Here’s a video of someone going into much more depth on this: https://www.pbs.org/video/pbs-space-time-speed-light-not-about-light/
Actually, the thing that applies to the pole is the speed of sound (of the pole material), which is the speed the atoms in the pole move at. Not even close to the speed of light.
Correct answer is here.
Yeah, everyone else had already answered that, which felt like we’re picking apart that specific thought experiment, even though there is actually a much more fundamental reason why it won’t work.
I think relativity demonstrates that light does have mass?
They might not have “rest mass” but they do have mass!

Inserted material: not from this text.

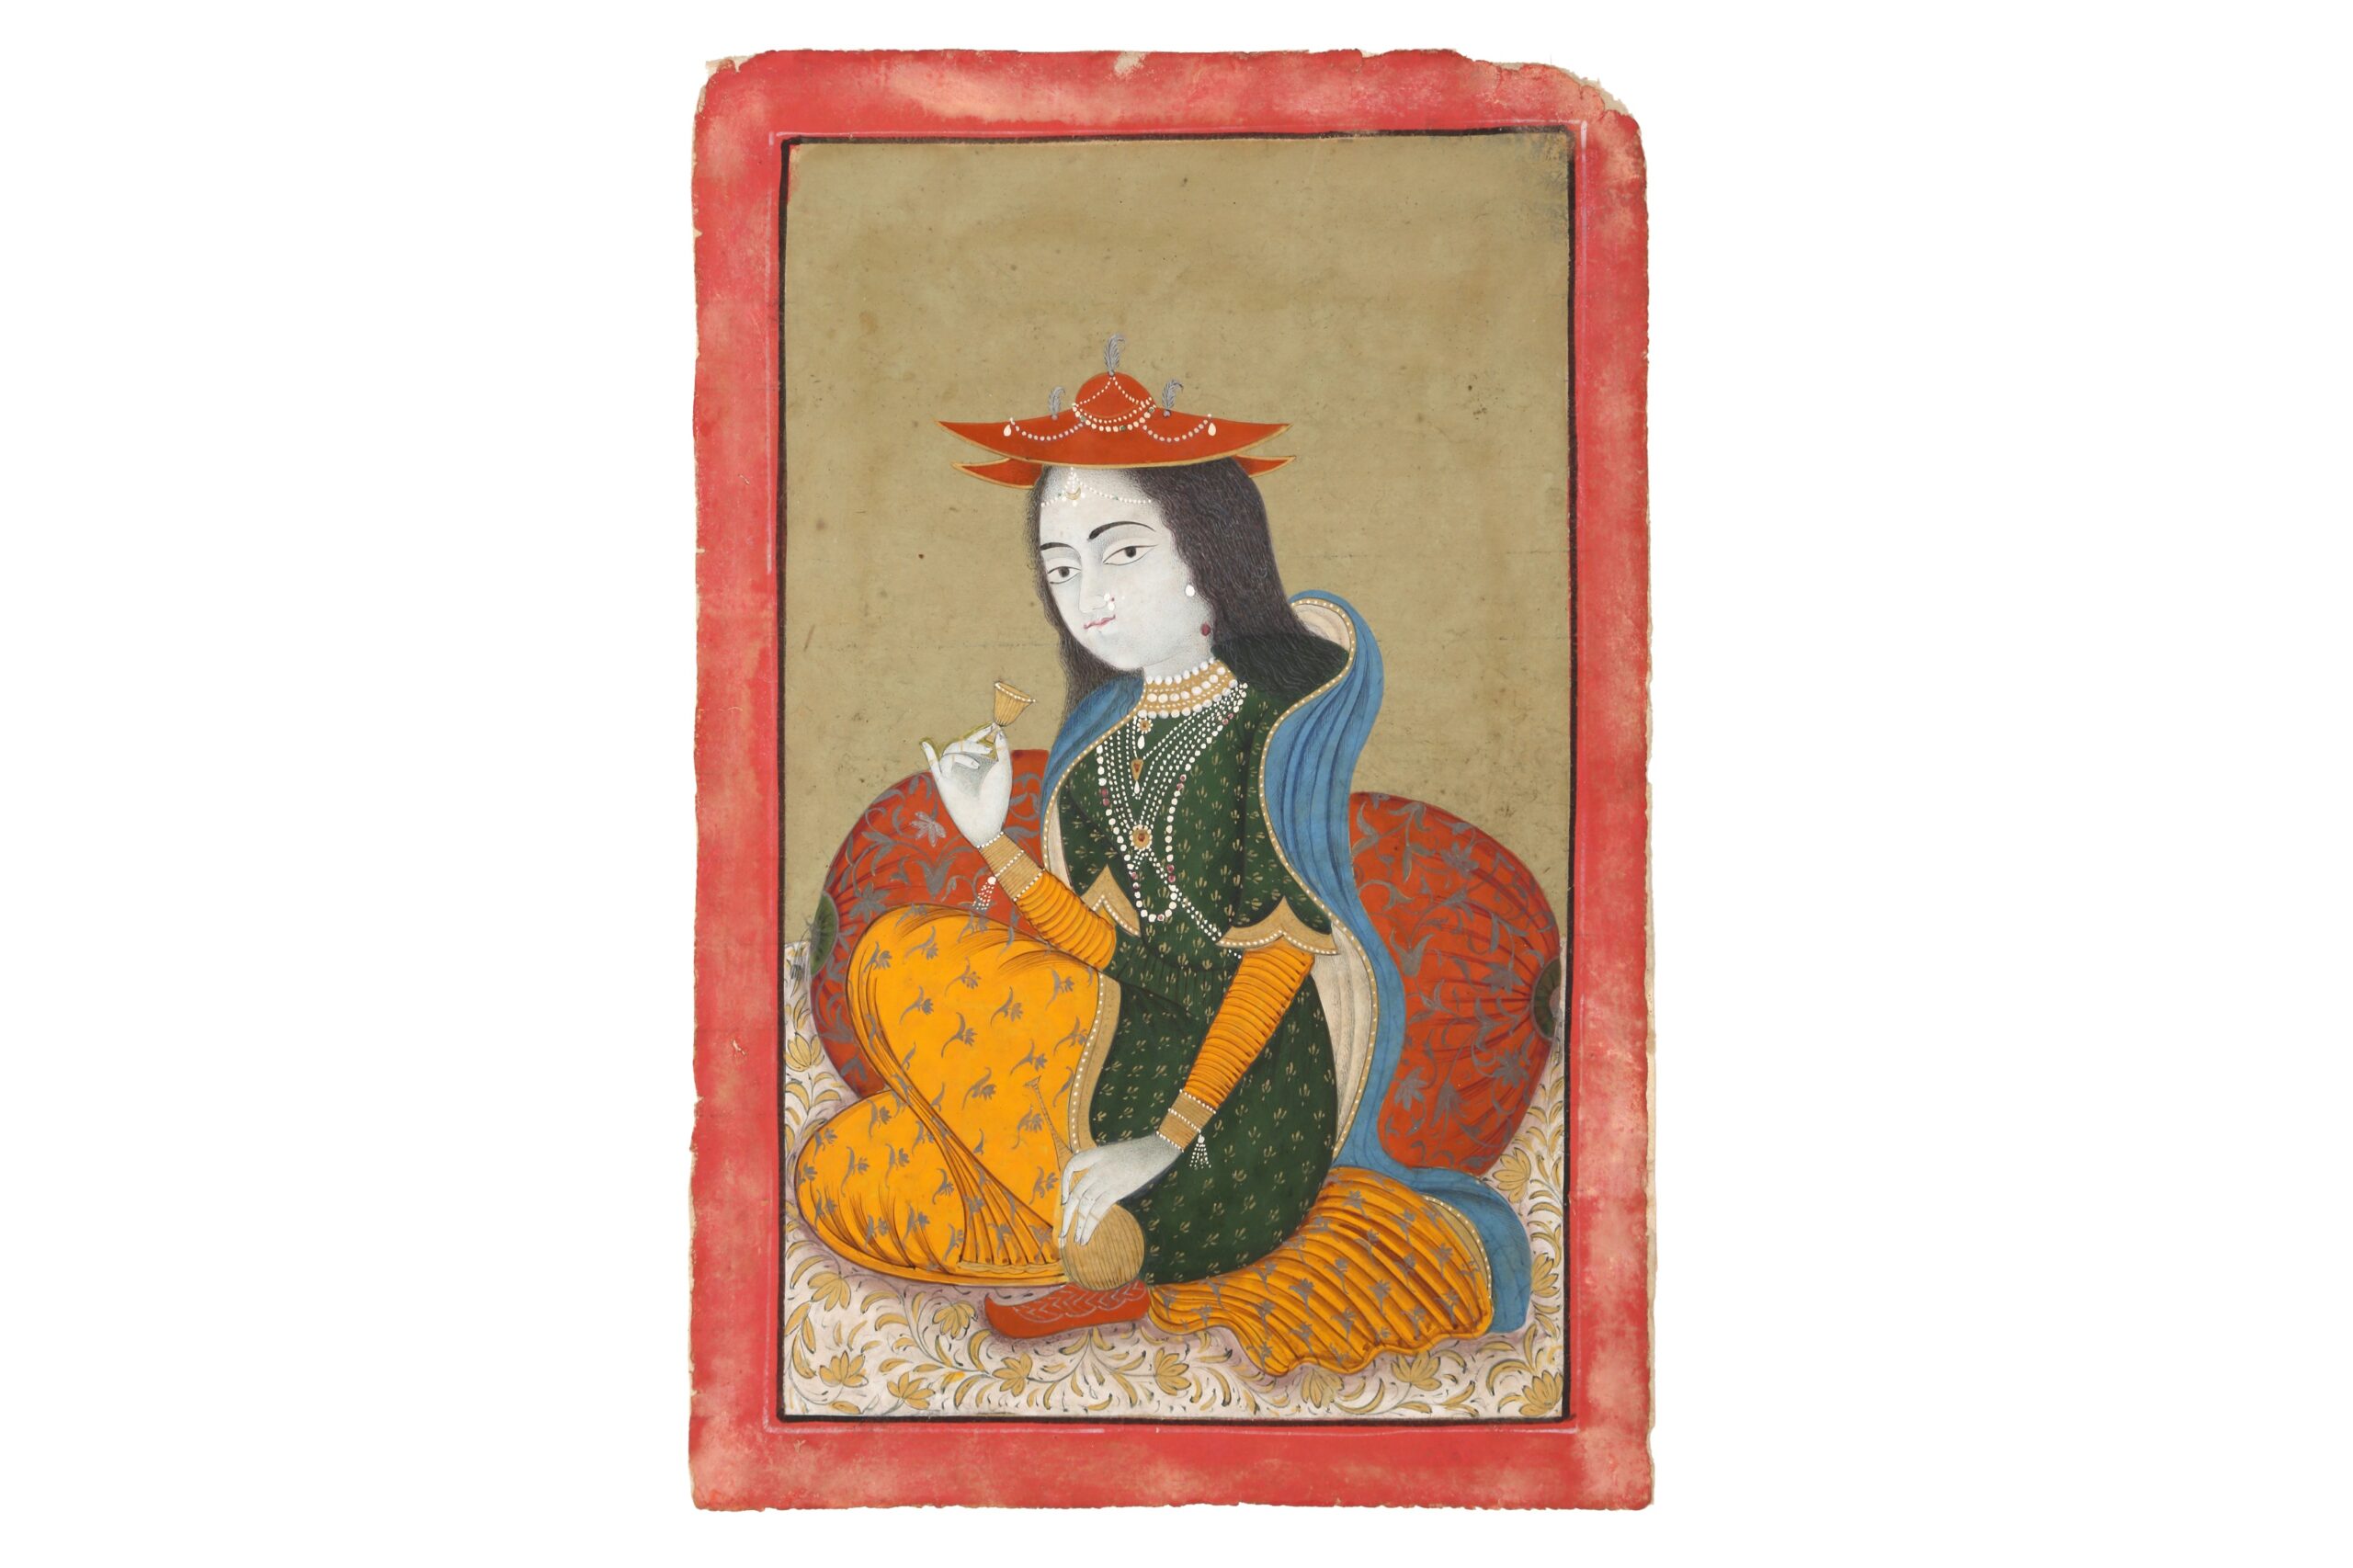 Lot 590. A PORTRAIT OF AN INDIAN MAIDEN WEARING A DUTCH BONNET Kotah or Bundi, Rajasthan, North-Western India, late 18th - early 19th century. Estimate £2,000 - £3,000

The eclipse experiment proved it, solar sails whilst hypothetical demonstrate it.
Photons don’t have mass, but they do have momentum.
Relativistic mass is not helpful to our everyday understanding of mass, it’s more helpful to discuss momentum, like the other commenter pointed out
I’m not a scientist, but when I asked the same question before they said, “compression.”
Like, the stick would absorb the power of your push, and it would shrink (across its length) before the other end moved. When the other end does finally move, it’s actually the compression reaching it.
The compression on the end of the stick wouldn’t travel faster than the speed of sound in the stick making it MUCH slower than light.
But… But… The stick is unfoldable!
Matter is made of atoms. Things are only truly rigid in the small scales we deal with usually.
I predict we’ll have FTL travel before we can invent a stick that’s “unfoldable”.
A wooden stick is pretty much unfordable in an unaltered state Or a glass stick
Glass easily bends
There’s no such thing as a perfectly rigid object.
There was, but now I’m getting older and more tired
Have you spoken to your healthcare provider about Viagratm? It may be able to help with your issue. (Please seek immediate medical help with an erection lasting more than 4 hours).
always had this question as a kid
And then went, draw it out, and asked.
I applaud that (and the art), good for you.(And the good people already provided answers.)